2. Welche Themen kommen häufig gemeinsam in einem Dokument vor und weisen
daher eine hohe Themenähnlichkeit (topic similarity) auf?

*Which topics appear frequently in one abstract and therefore have a high topic similarity?* **Hierarchical Clustering**

3. Wie haben sich die Themenschwerpunkte im Verlauf der Jahre verändert -
welche Trends sind zu erkennen?

*How have the topics been changing throughout the years - which trends are perceptible?* **Mann-Kendall-Test**

4. Welche Entwicklungen sind in Bezug auf die Verwendung verschiedener Forschungsmethoden festzustellen?

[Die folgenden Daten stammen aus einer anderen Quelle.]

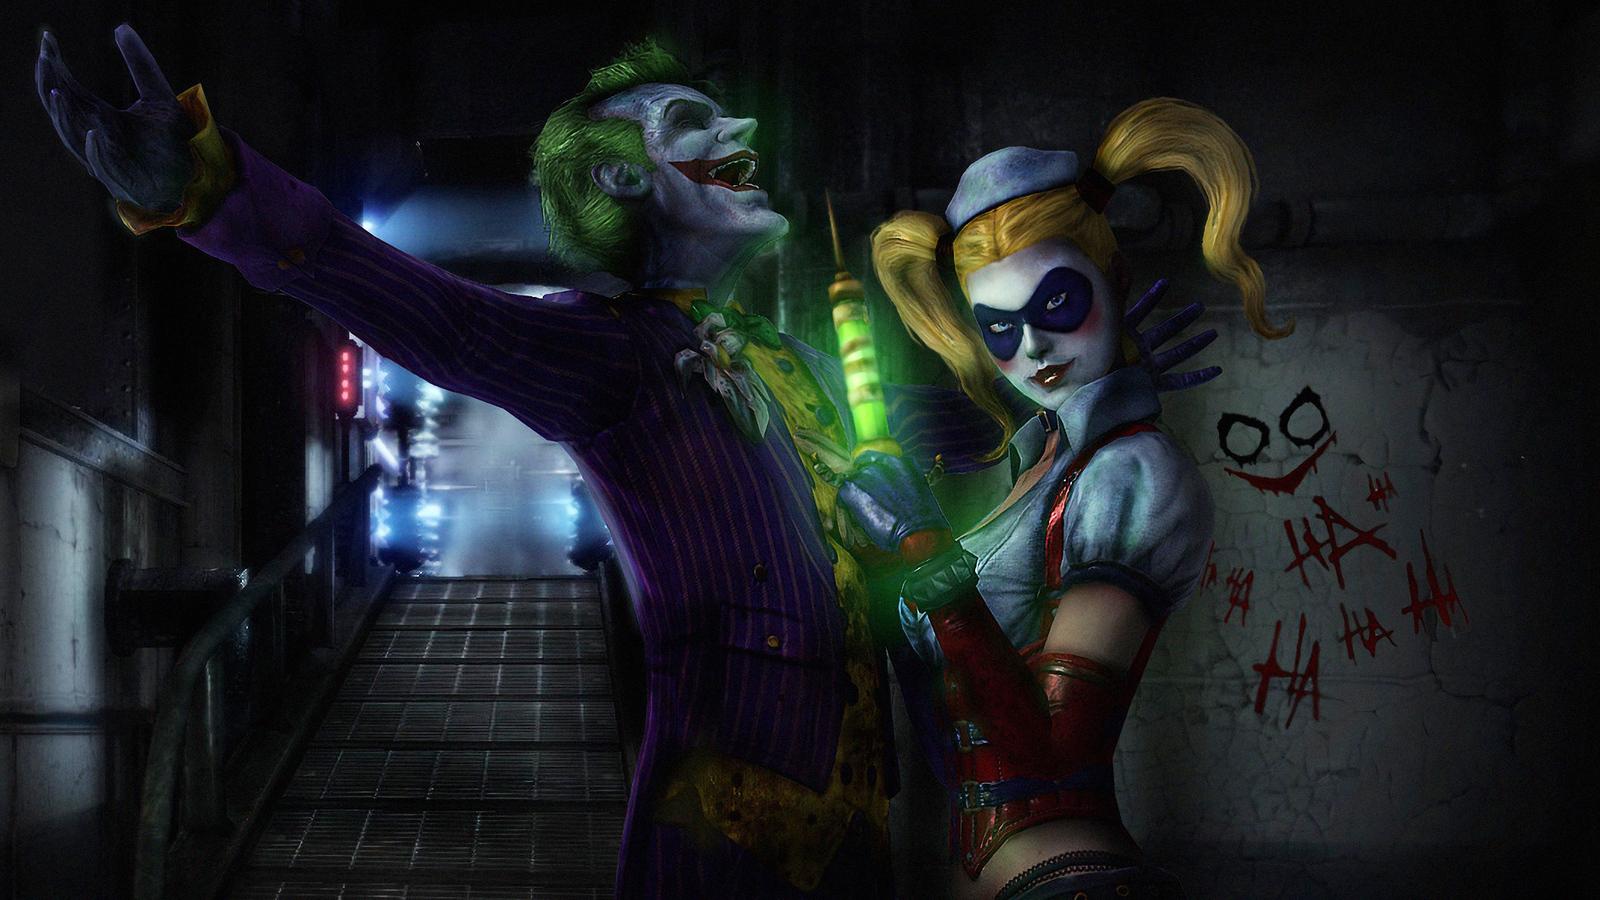 1600x900 Joker Harley Quinn Laughing 1600x900 Resolution Hd

*With regard to the use of different scientific methods, which developments are perceptible?*

5. Welche Personen sind besonders häufig mit Abstracts vertreten, in welchen
Autor:innenteams treten sie auf und wie verändern sich diese im Zeitverlauf?

*Which researchers contribute to the conference particularly frequently with abstracts, in which teams do they contribute and how have the teams been changing?*

6. Welche Personencluster sind in Bezug auf die Themenschwerpunkte zu erkennen und wie verändern sich diese?

*Which clusters of researchers can be found with regard to topics and how have the clusters been changing?* **Network Analysis**

### Imports

In [1]:
#Reading in necessary pdf- and xml-files
import zipfile
from bs4 import BeautifulSoup
'''Vermerken: PyPDF2 hat die Zeichen nicht gut erkannt und daher sind einige Wörter herausgefallen'''
import PyPDF2
import fitz
from io import BytesIO

#(pre)processing the files
import re
from nltk.corpus import stopwords
from nltk.tokenize import sent_tokenize, word_tokenize
import spacy
from langdetect import detect
from gensim.models import TfidfModel
import pickle
''' In-Script Funktion hat nicht funktioniert '''
from ocrfixr import spellcheck

#LDA
import gensim
import gensim.corpora as corpora
import os

### General functions: opening lists, saving and reopening objects, function to get conference names from file names

In [2]:
def open_list(doc_name):
    file = open(doc_name, "r", encoding='utf-8')
    data = file.read()

    data = data.split(", ")
    return data
    file.close()

In [3]:
def save_object(dirname, filename, varname):
    filename = dirname + filename
    g = open(filename, 'wb')
    pickle.dump(varname, g)
    g.close()

In [4]:
def open_variable(dirname, filename):
    path = str(dirname) + str(filename)
    f = open(path, 'rb')
    filename = pickle.load(f)
    f.close()
    
    return filename 

In [5]:
def get_conference_names(list):
    files = []
    for element in list:
        new_name = element.split('.zip')[0]
        new_name = new_name.split('Corpus/')[1]
        new_name = re.sub('_', ' ', new_name)
        files.append(new_name)
    
    return files

### Preprocessing function: determining text language

In [6]:
def detect_language(text):
    
    #gets text as input
    lang = detect(text)

    #returns the language tag of detected language
    return lang        

### Preprocessing function: cleaning the texts

In [112]:
def clean_text(text):
        
    # filtering paragraphs from text
    clean = re.sub(r'\n', "", str(text))

    
    # filtering weblinks, digits and markup from XML
    abbreviations = [r'http(.*?) ', r'\d', r'<(.*?)>', r'https(.*?) ']
    for word in abbreviations:
        clean = re.sub(word, '', clean)
    
    # filtering punctuation
    punctuation = '''!“()´`¨[]{}\\;:”",<>/.?@#$%^&*_~''' 
    for word in clean:
        if word in punctuation:
            clean = clean.replace(word, "")
    
    # convert a document into a list of lowercase tokens, ignoring tokens that are too short (min_len=2) or too long (max_len=15), no deaccentation (by default)
    clean = gensim.utils.simple_preprocess(clean, min_len=3, max_len=25)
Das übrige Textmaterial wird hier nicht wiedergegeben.